# [PROBLEM REQUIREMENTS]
In the listing, locate the line containing "Living Room Furniture", then quote it and all following lines exactly. Omit pictures.

# [GIVEN MATERIAL]
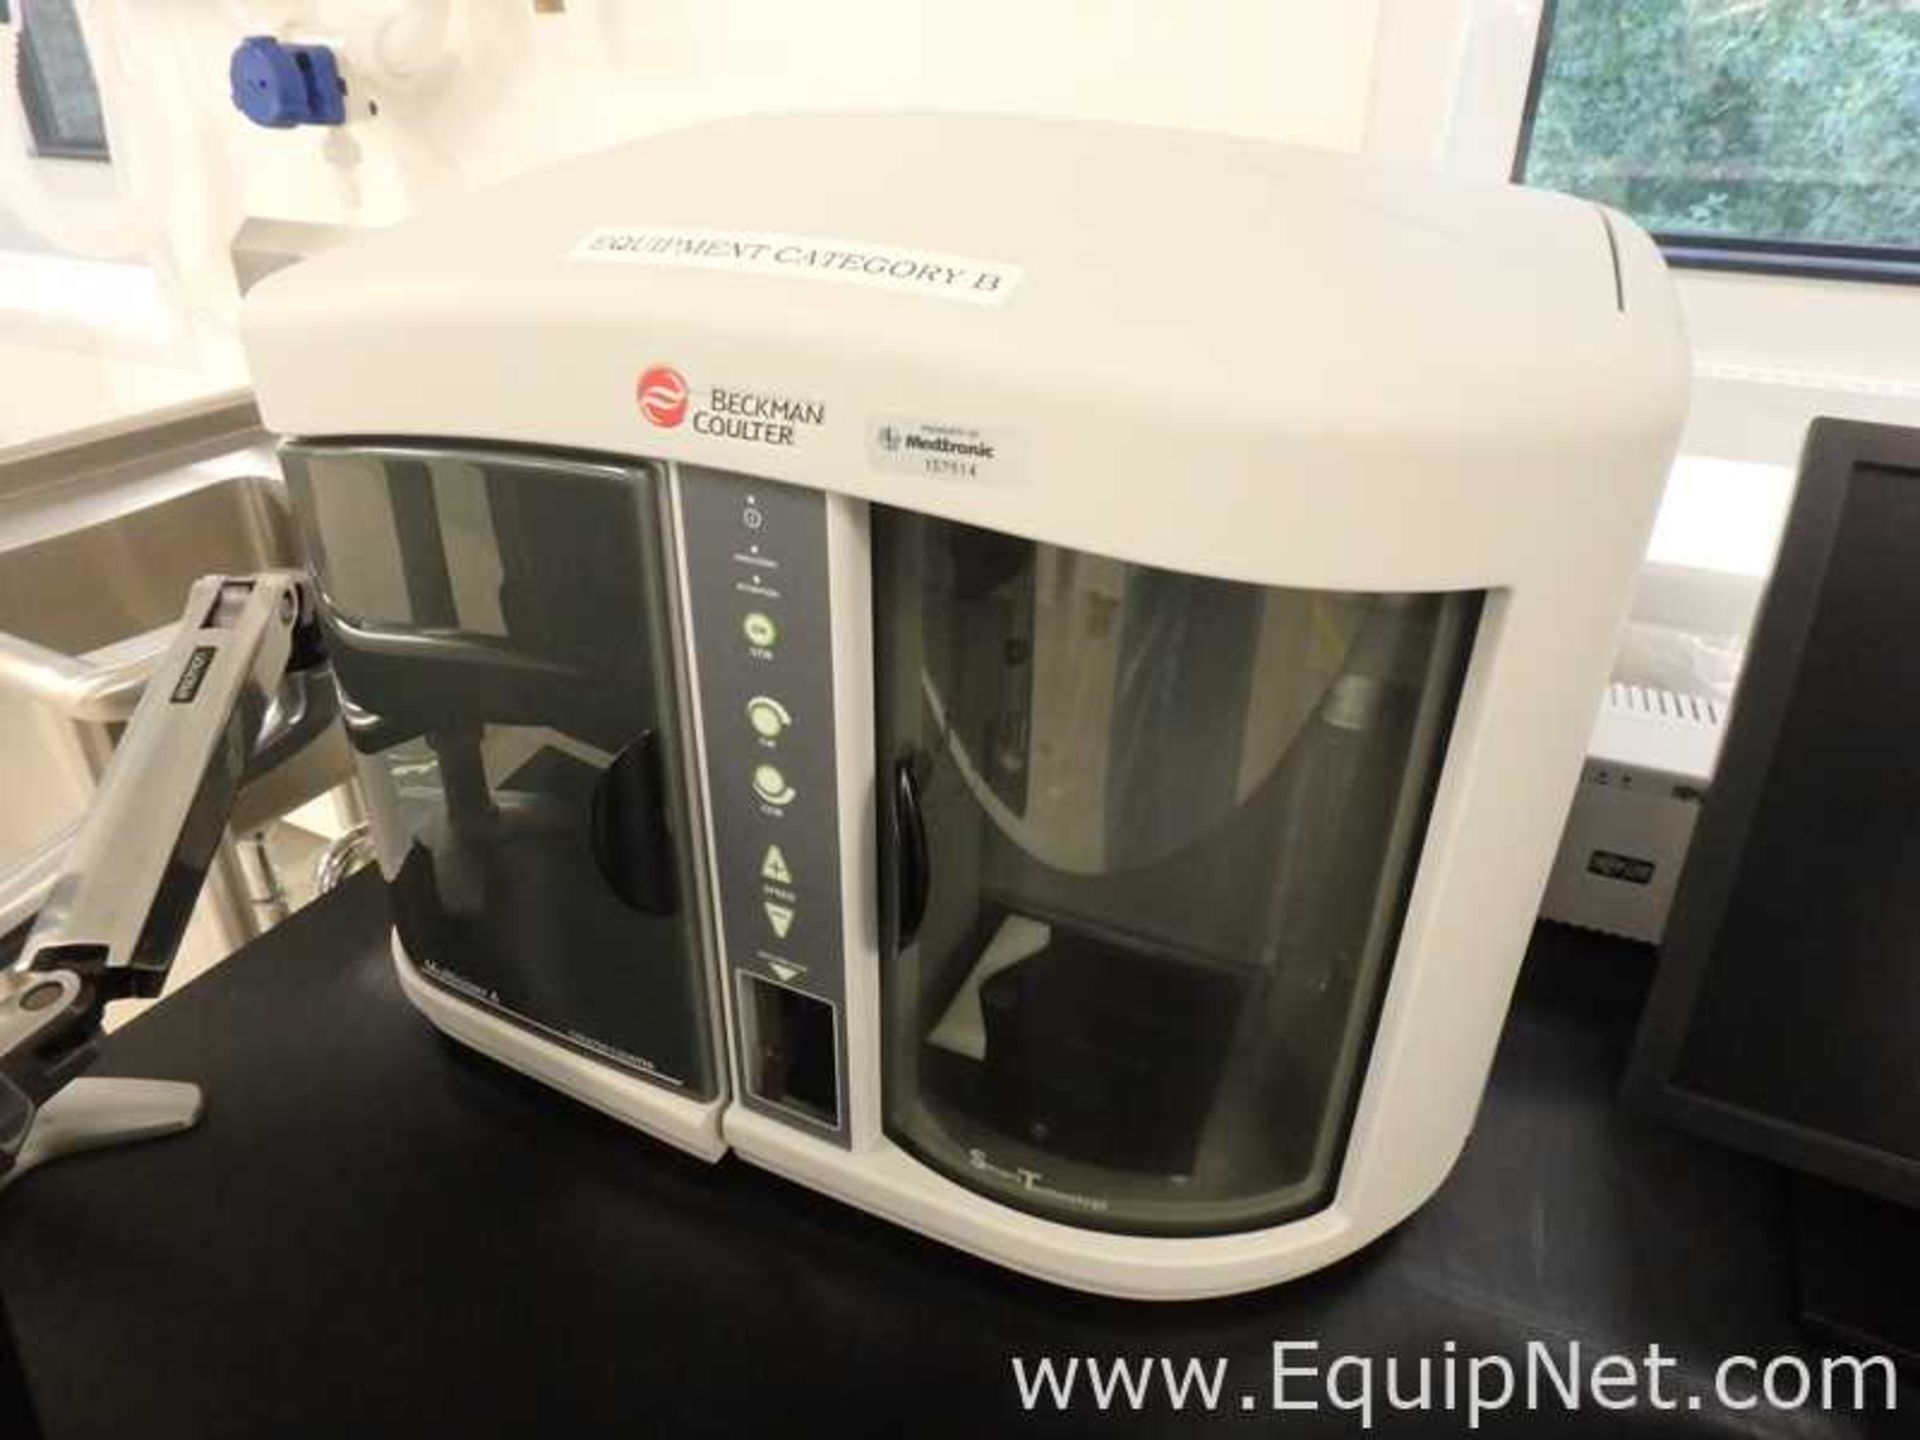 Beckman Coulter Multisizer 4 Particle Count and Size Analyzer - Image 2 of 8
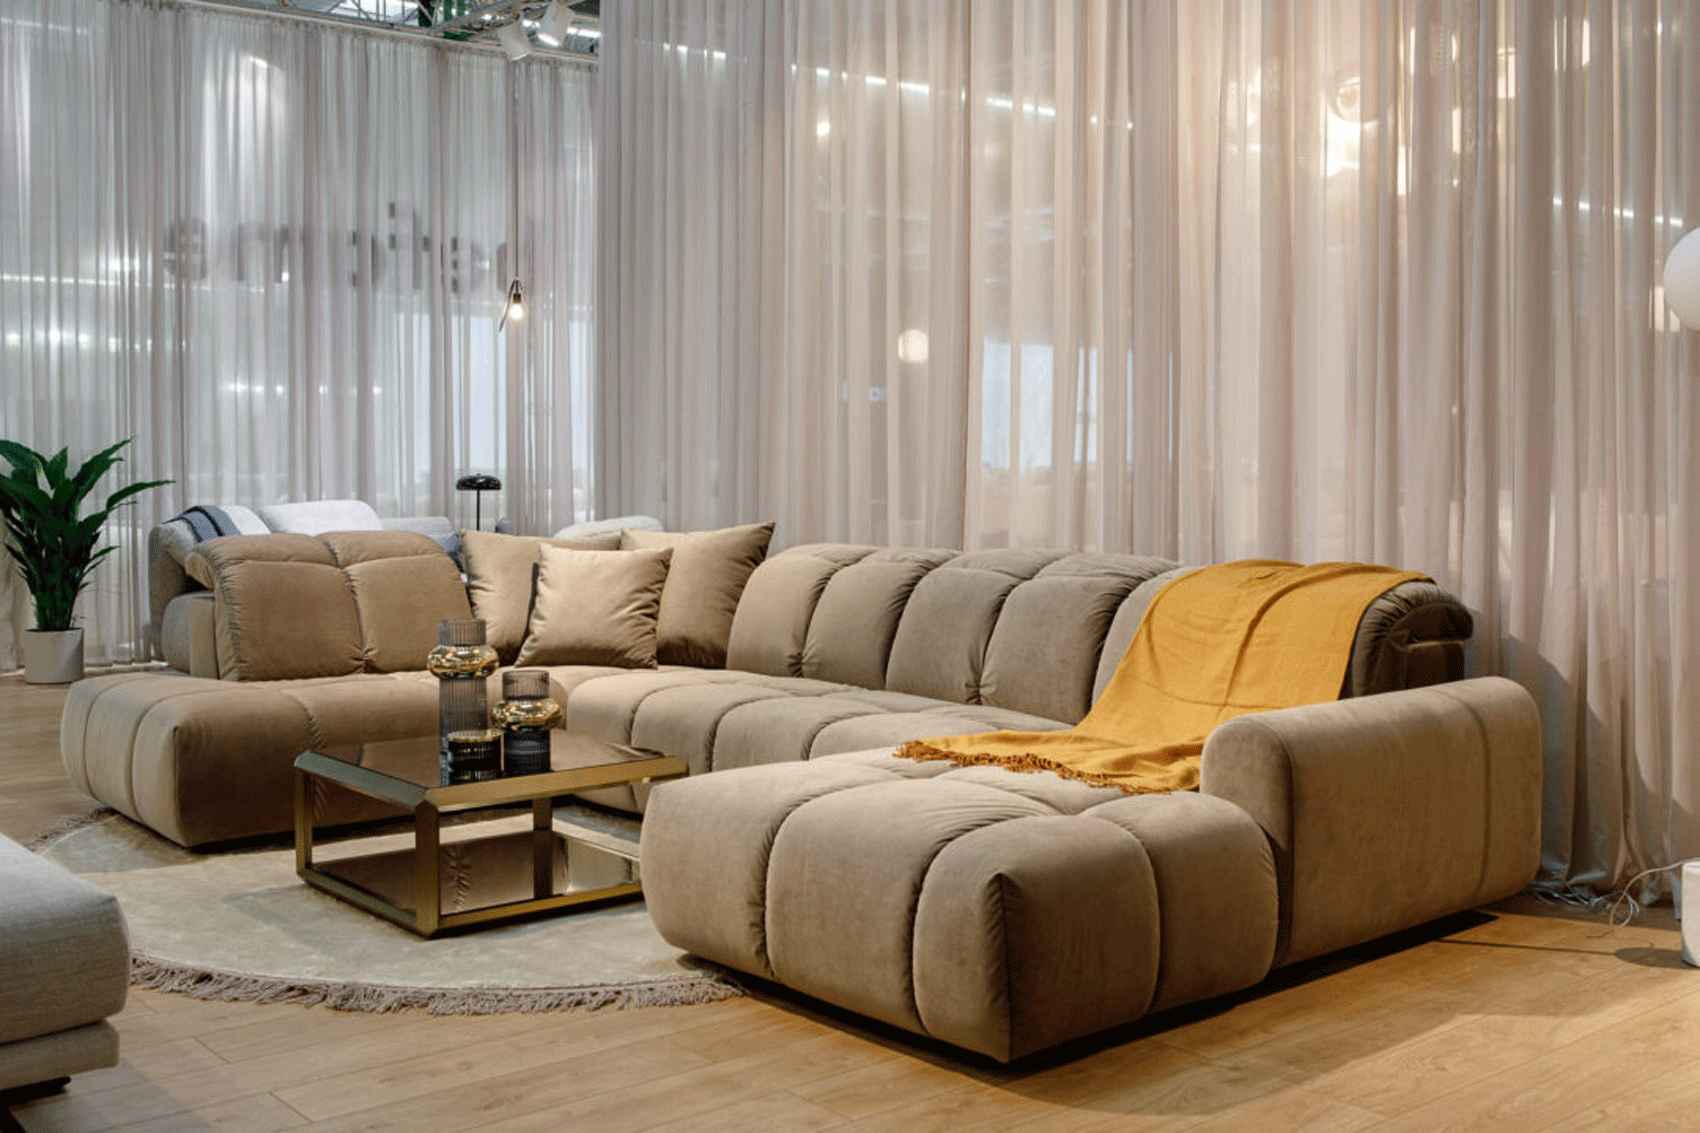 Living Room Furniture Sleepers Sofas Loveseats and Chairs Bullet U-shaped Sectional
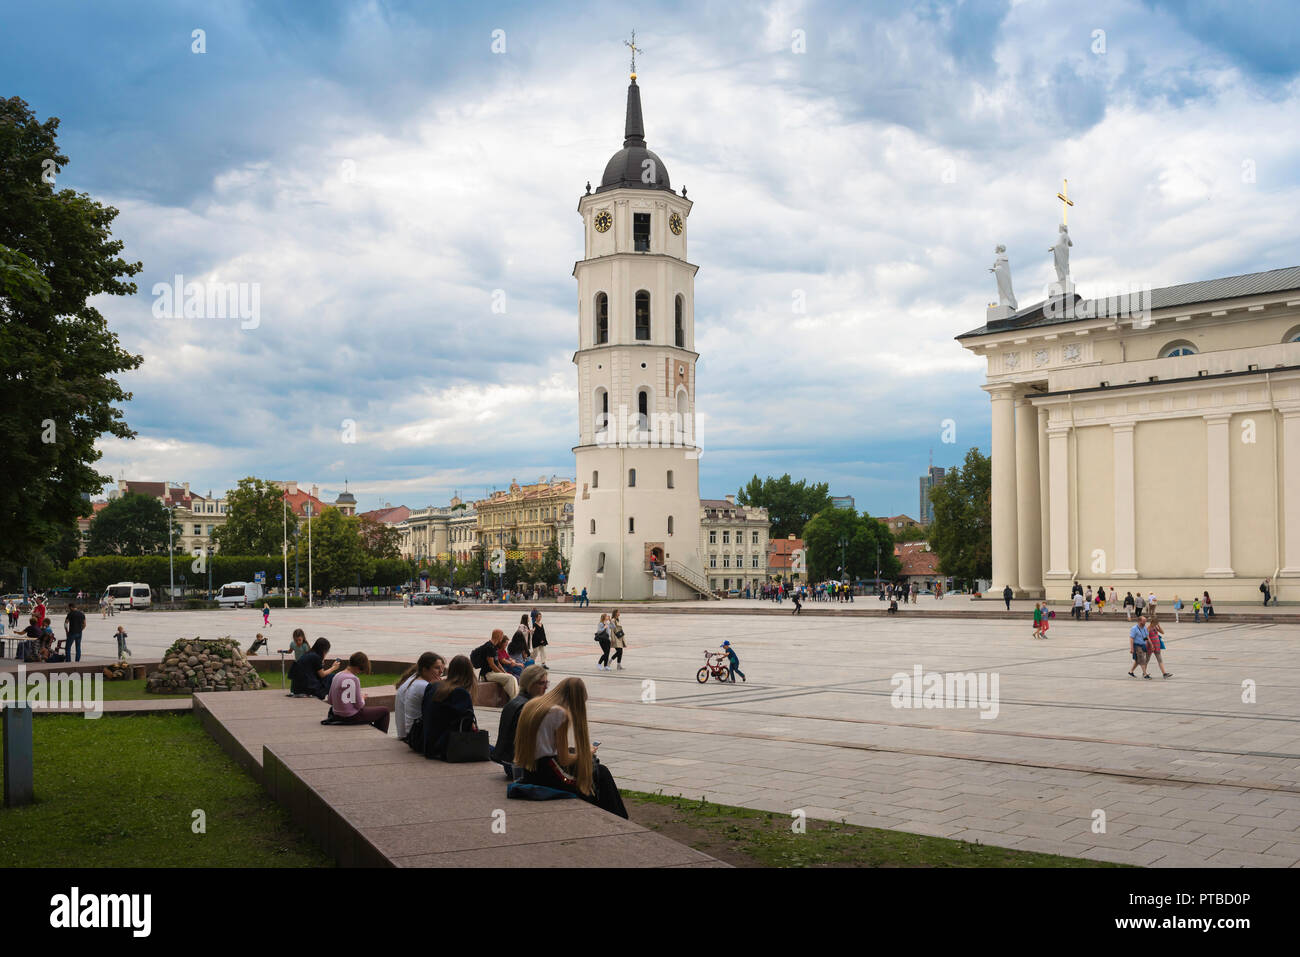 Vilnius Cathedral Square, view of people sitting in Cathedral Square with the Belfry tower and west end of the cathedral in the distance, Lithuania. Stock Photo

# [SOLUTION FOR THIS EXERCISE]
 Living Room Furniture Sleepers Sofas Loveseats and Chairs Bullet U-shaped Sectional
 Vilnius Cathedral Square, view of people sitting in Cathedral Square with the Belfry tower and west end of the cathedral in the distance, Lithuania. Stock Photo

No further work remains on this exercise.